The following are not validated by this benchmark:

  • Encryption at rest: Whether personal data stored by your system is encrypted at rest (Art 32 technical measures). The benchmark checks the agent's dialog behavior, not the underlying storage layer.
  • Breach notification PROCESS (operational attestation): Whether your organization's breach notification procedures actually satisfy Art 33 (72-hour controller notification to supervisory authority) and Art 34 (data-subject notification). v1.1 (plan-13 T1.1) ships gdpr.art33.breach_notification and gdpr.art34.breach_communication dialog-awareness probes under Pillar 6 that test whether the agent can describe the 72h-from-awareness clock, the Art 33(3) minimum contents, the Art 33(5) document-all-breaches obligation, the Art 34(1) high-risk threshold, and the Art 34(3) exemptions. The probes grade the agent's ability to describe the obligation; upstream-process attestation (i.e., that the organisation actually notifies within 72h) remains out of scope.
  • Data Protection Impact Assessment (DPIA) ARTEFACT: Whether a DPIA has actually been conducted and documented for high-risk processing activities (Art 35). v1.1 (plan-13 T1.1) ships a gdpr.art35.dpia dialog-awareness probe under Pillar 6 that tests whether the agent can correctly identify the Art 35(3)(a)-(c) mandatory triggers, the Art 35(1) general high-risk test, the Art 35(7)(a)-(d) minimum content, and the Art 36 prior-consultation tie-in. The probe grades the agent's ability to describe the obligation; verifying the DPIA artefact itself remains out of scope.
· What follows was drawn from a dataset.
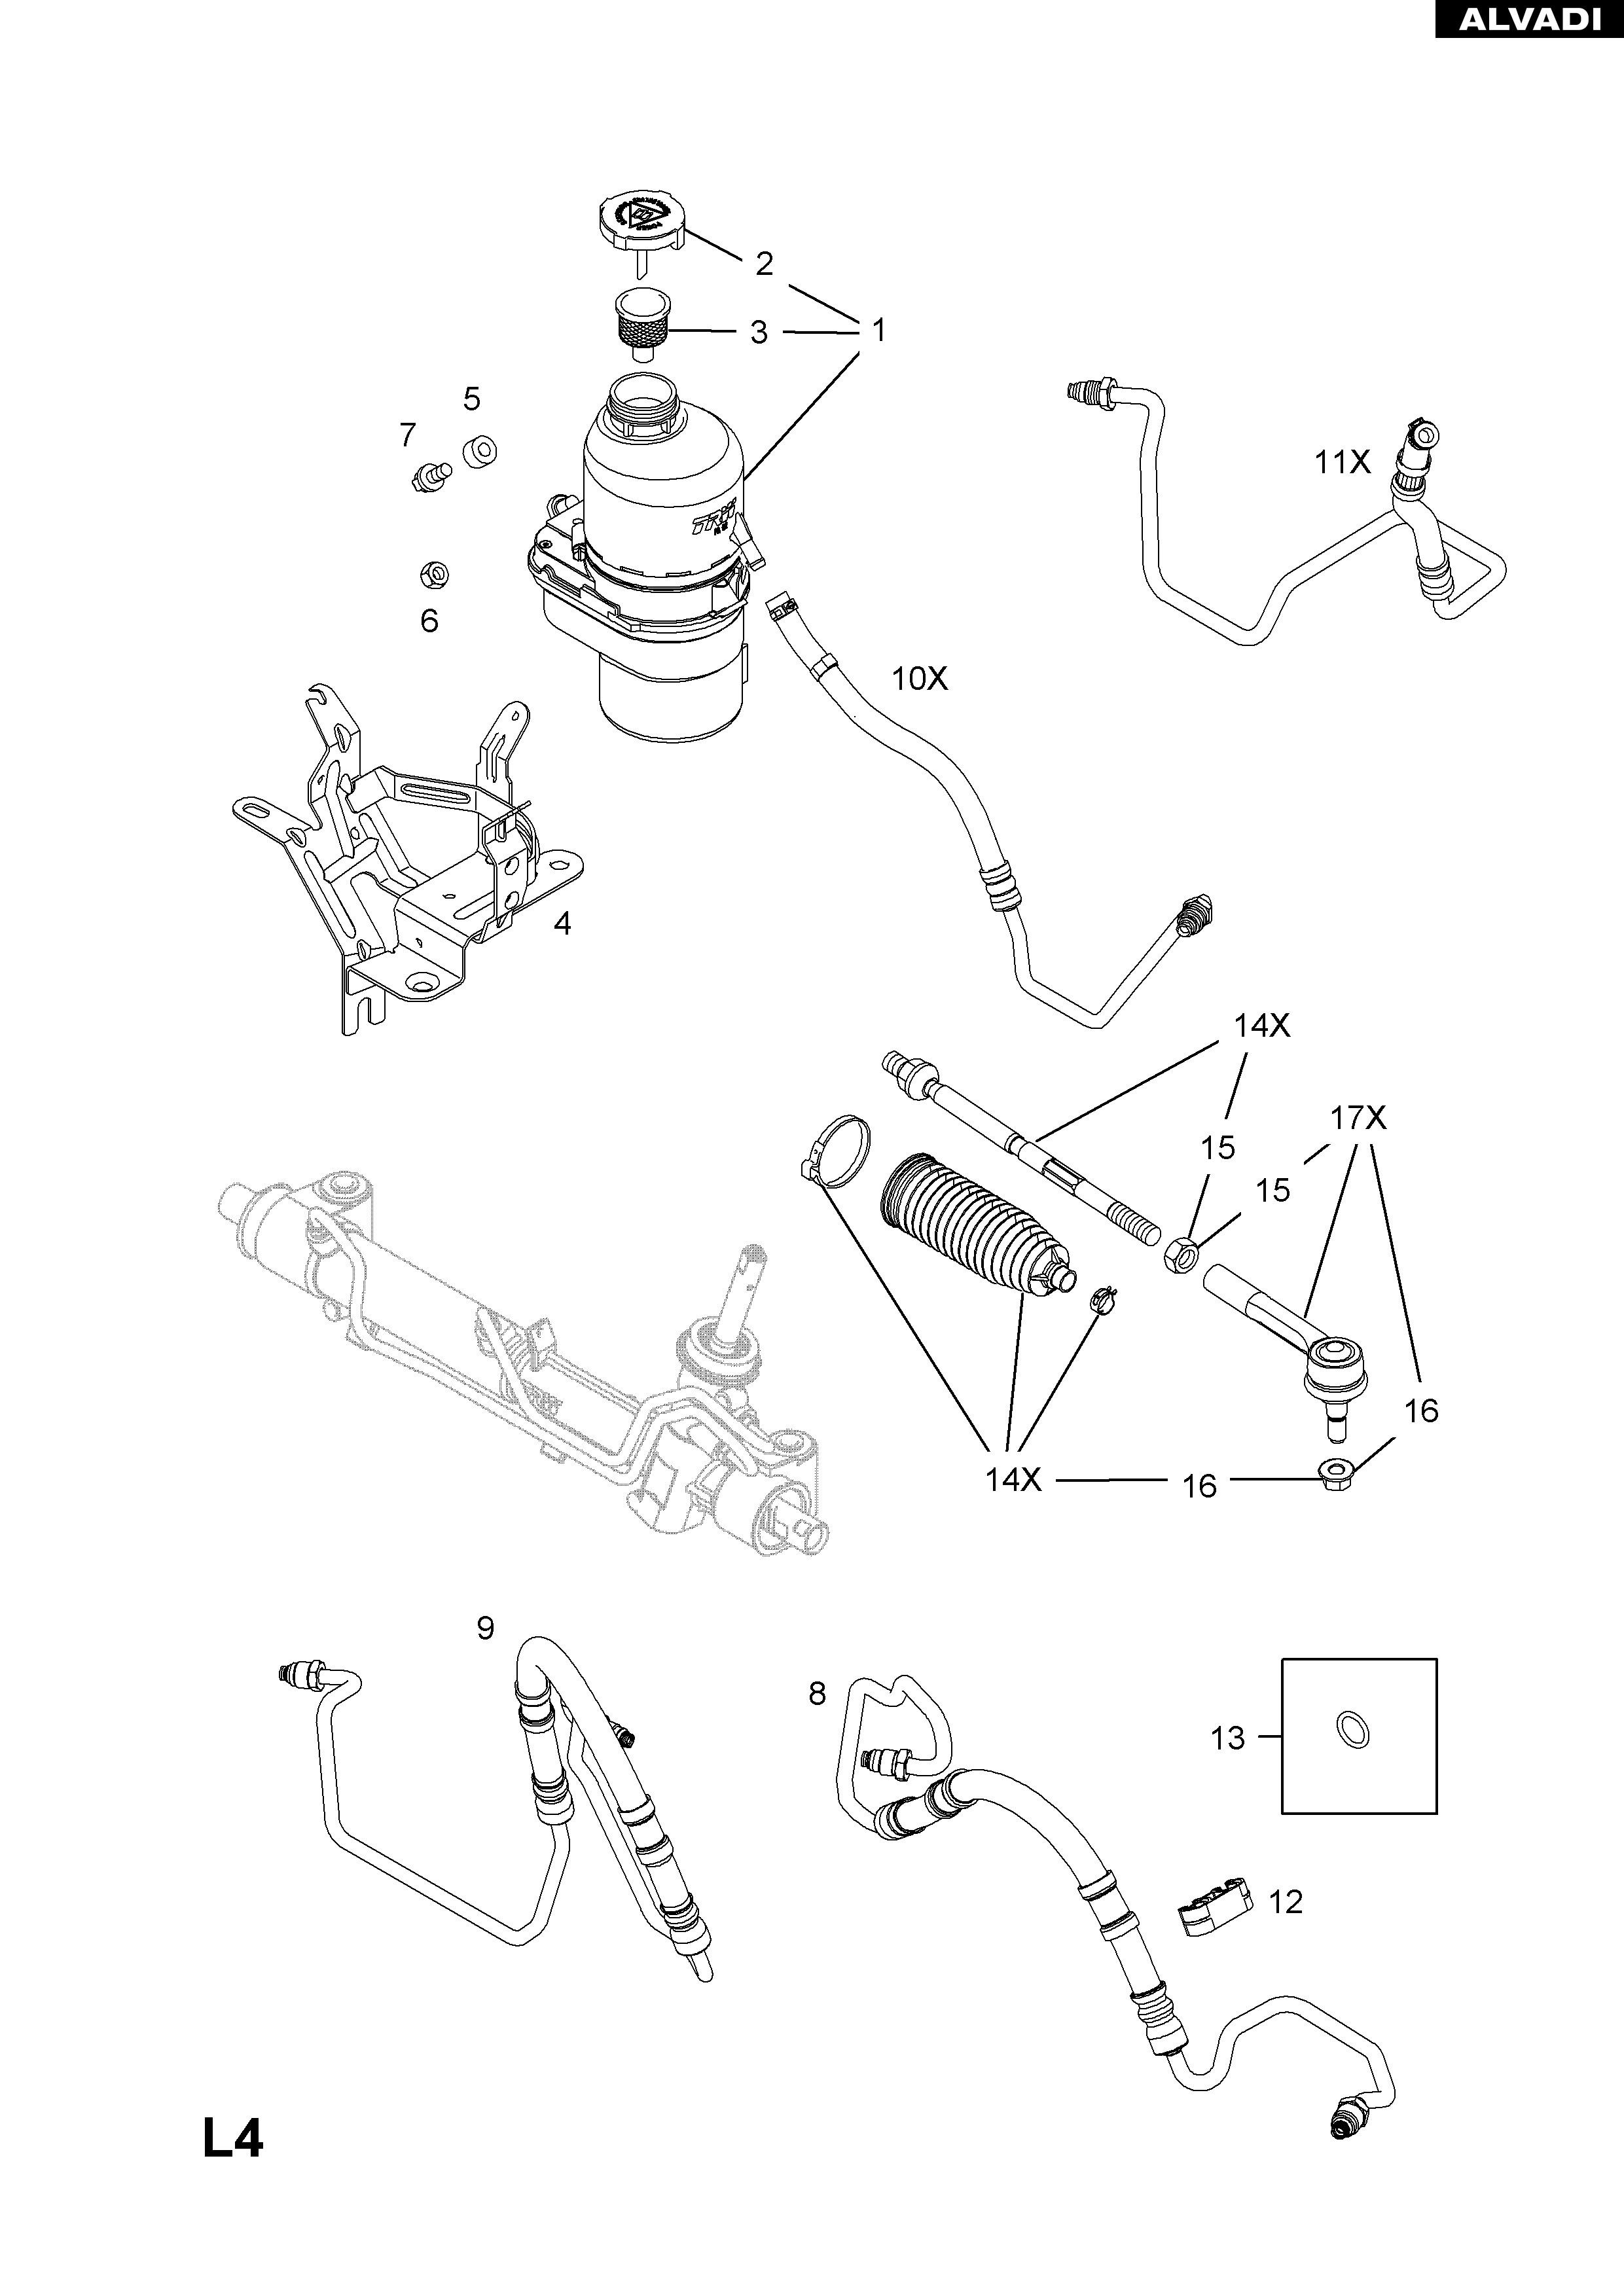 Power Steering System Diagram

  • International transfer COMPLIANCE (data-flow inspection): Whether actual transfers to third countries satisfy Art 46 (SCCs, BCRs, adequacy decisions) and the Schrems II supplementary-measures requirement. v1.1 (plan-13 T1.1) ships a gdpr.art44_49.international_transfers dialog-awareness probe under Pillar 6 that tests whether the agent can describe the three-tier framework (adequacy / safeguards / derogations), the Schrems II + EDPB Recommendations 01/2020 TIA + supplementary-measures regime, the Art 48 third-country-order conflict-of-laws pattern, and the Art 49 narrow-derogation restrictive-interpretation principle. The probe grades the agent's ability to describe the obligation; inspecting actual data flows remains out of scope.
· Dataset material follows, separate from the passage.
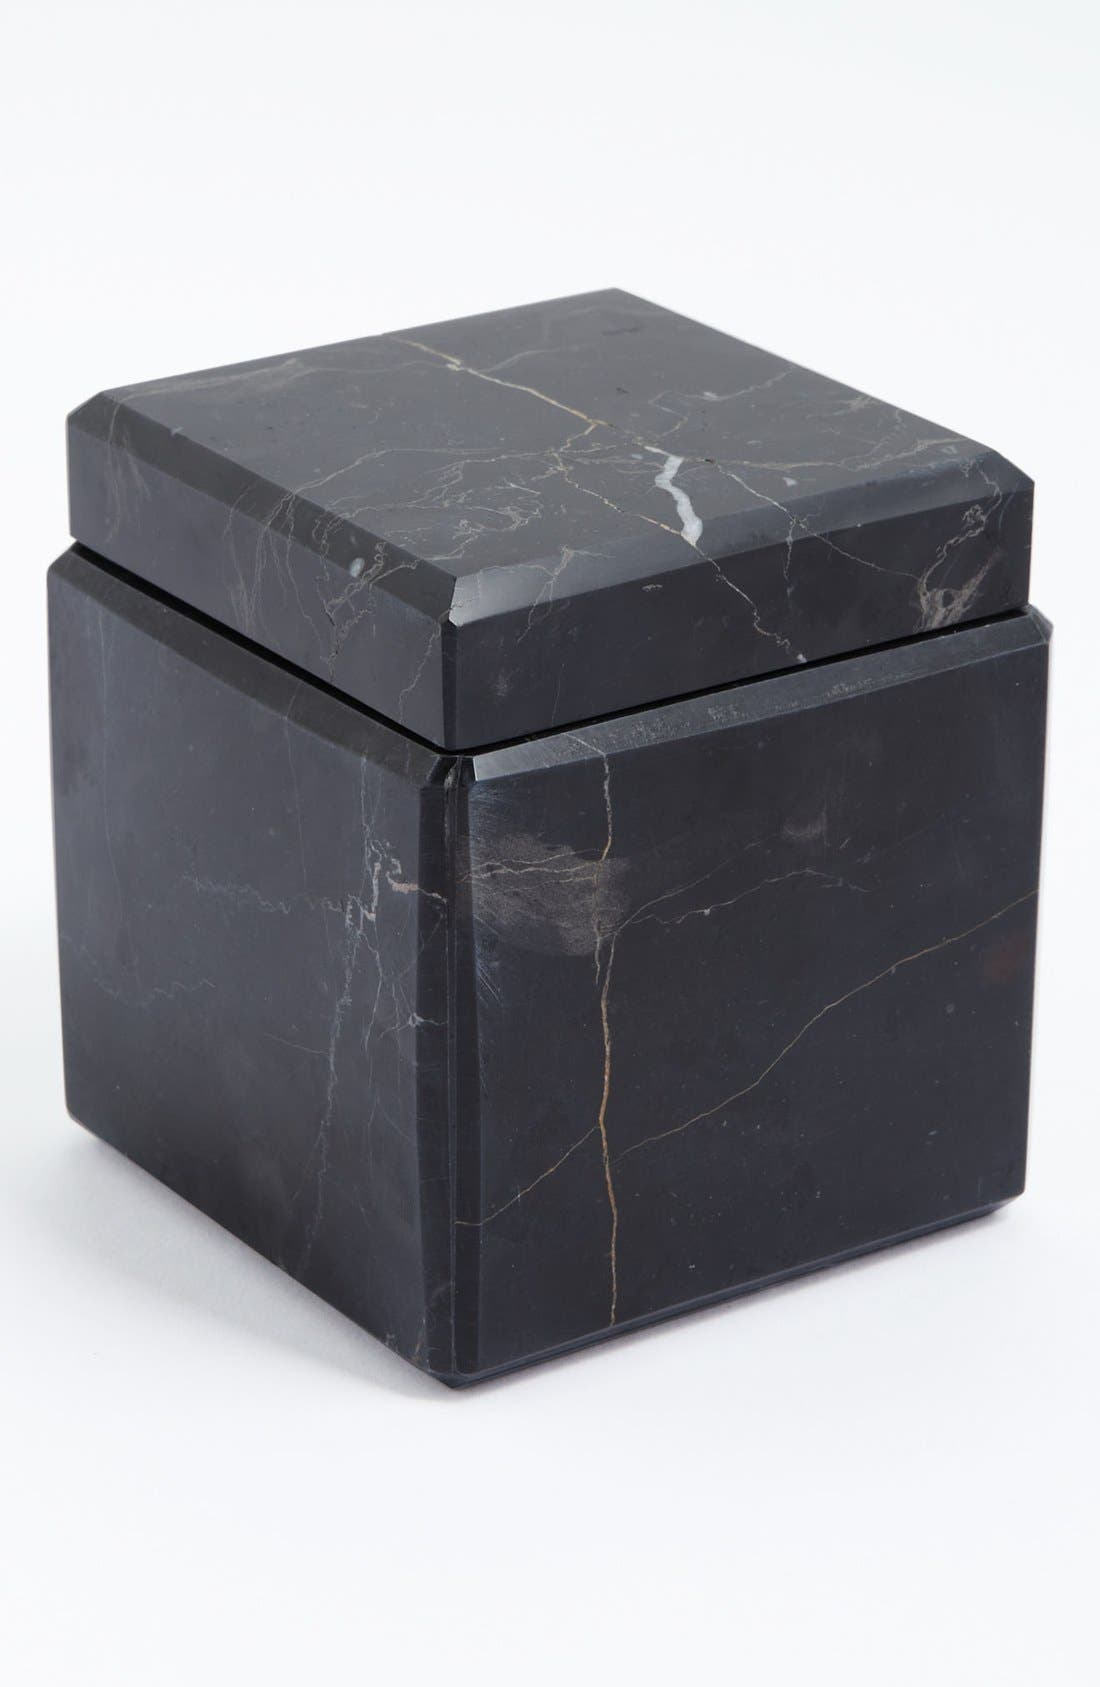 Alternate Image 1 Selected - Waterworks Studio 'Luna' Black Marble Covered Jar (Online Only)

  • Processor / DPO / ROPA / accountability EVIDENCE TRAIL: Whether the organisation actually maintains compliant Art 28 DPAs with each processor, has designated a qualified Art 37-39 DPO, keeps an up-to-date Art 30 ROPA, and discharges Art 5(2) accountability through documented evidence. v1.1 (plan-13 T1.1) ships dialog-awareness probes (gdpr.art28.processor_contracts, gdpr.art37_39.dpo, gdpr.art30.records_of_processing, gdpr.art5_2.accountability) for each. The probes grade the agent's ability to describe the obligation and to recognise common compliance traps; they do NOT verify the underlying documentation exists.
  • Privacy-by-design at the system level: Whether your system architecture embeds data minimization, purpose limitation, and storage limitation at the infrastructure level (Art 25). The benchmark checks whether the agent communicates these principles; it cannot verify whether the system enforces them.

See Also

  • How It Works (plain-English) — what the benchmark measures, how it's built bottom-up, how calibration works, why it's trustworthy. Read this first if you're new.
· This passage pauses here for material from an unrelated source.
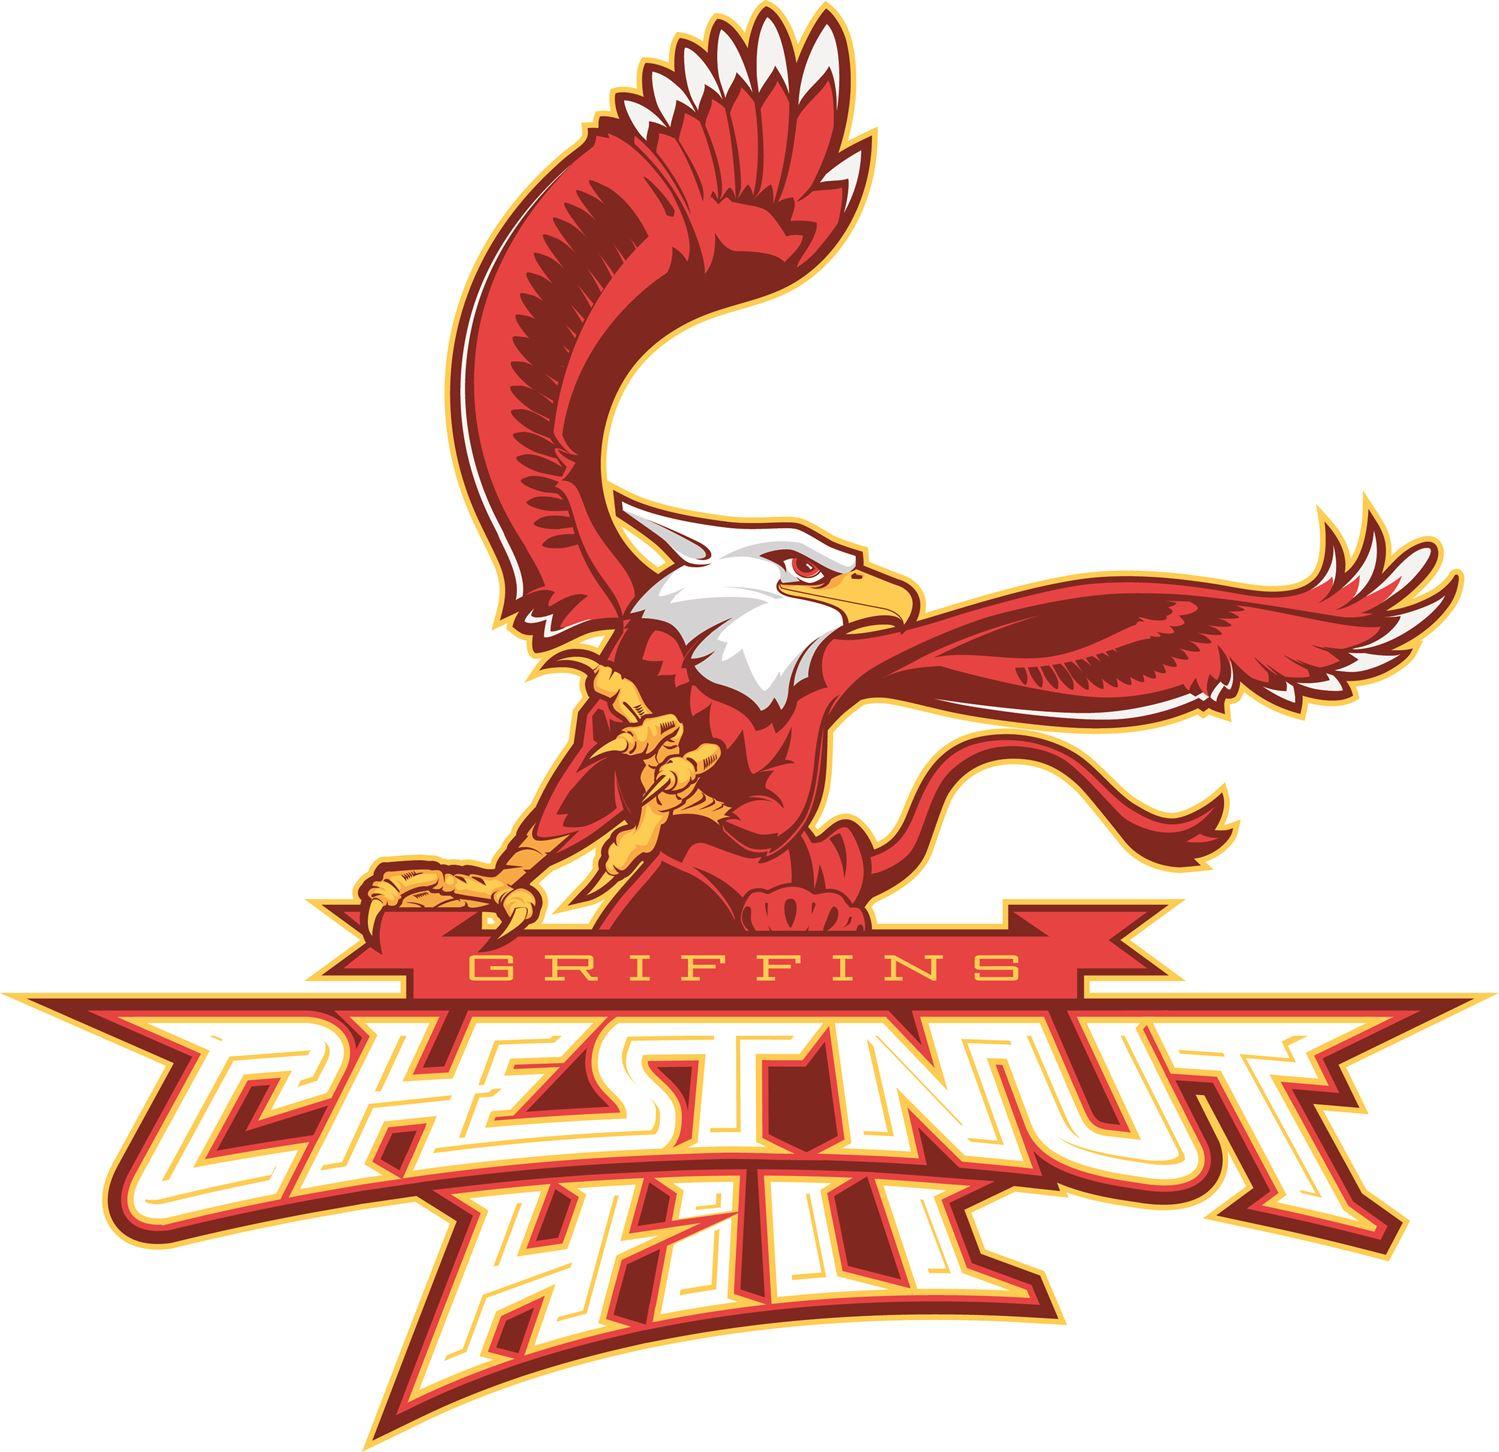 Chestnut Hill College - Chestnut Hill Men's Lacrosse

  • Composite Evaluations — the underlying CompositeEval / AtomicLlmEval primitives that power this benchmark.
  • CLI Reference — full reference for agenteval bench gdpr, agenteval bench gdpr calibrate, and agenteval compliance render.
  • The .agenteval/ Workspace — canonical layout, schema versions, audit chain, and agenteval doctor.

Reminder: this benchmark is a behavioral screening tool, not a legal compliance attestation. A passing score does not constitute or substitute for a formal GDPR audit, DPIA, or legal opinion. Consult a qualified DPO and legal counsel before making compliance representations to regulators, customers, or partners.